It’s 5th edition D&D and none of us, to my knowledge, have encountered a troll in the new system.  However, we all know by now that the regenerative abilities of the Troll are legendary and horrible and punishing for those who assume that dead is dead.  Unsurprisingly, the players imported out of game knowledge to ready against the rise of the troll, lighting torches and oil, and the debate started.

“I spend a ki point to trigger my defensive ability…I’m not trusting that shit,” the Monk said as the troll went down.

“Two things,” I said, “One, you know nothing of trolls, and two, you’re like 30 feet away, and you’re going to waste a ki point… so don’t for either of those two reasons.”

“Certainly,” the Wizard said, “We’ve heard something about trolls.  I’m a scholar if nothing else.”

“Maybe,” I allowed, “but there’s lots of horrible creatures out there, trolls included.  Make some rolls and I’ll give you some wives tales and things.

Party rolled with less than amazing results, but indeterminate.

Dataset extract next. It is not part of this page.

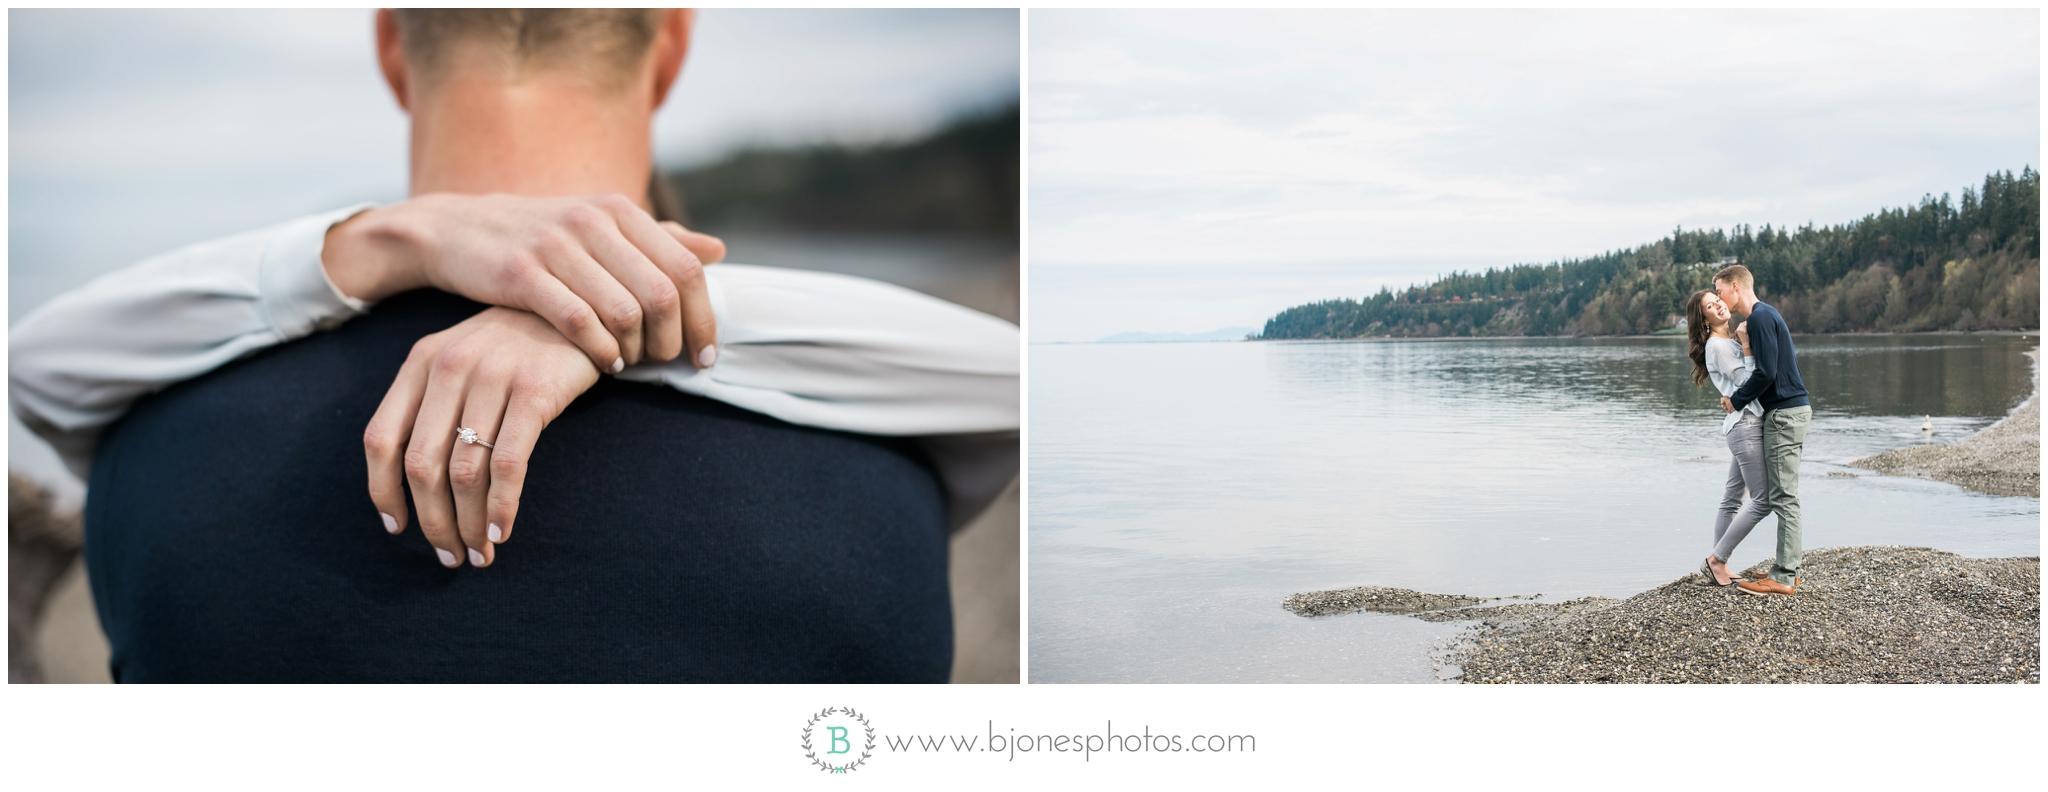 B. Jones Photography

“You’ve all heard a story about an old woman who captured a troll and cut off its head, then kept the head in a basket.  The troll would then tell her secrets, and she used it to get out of a variety of challenges and marry well and live happily ever after.”

“Good enough for me, light it up” someone said.  Burning starts.

Hmph, I thought.  “Isn’t anyone going to get the head?”

Blank stares.

“I am not taking this things head in a basket.” the paladin said.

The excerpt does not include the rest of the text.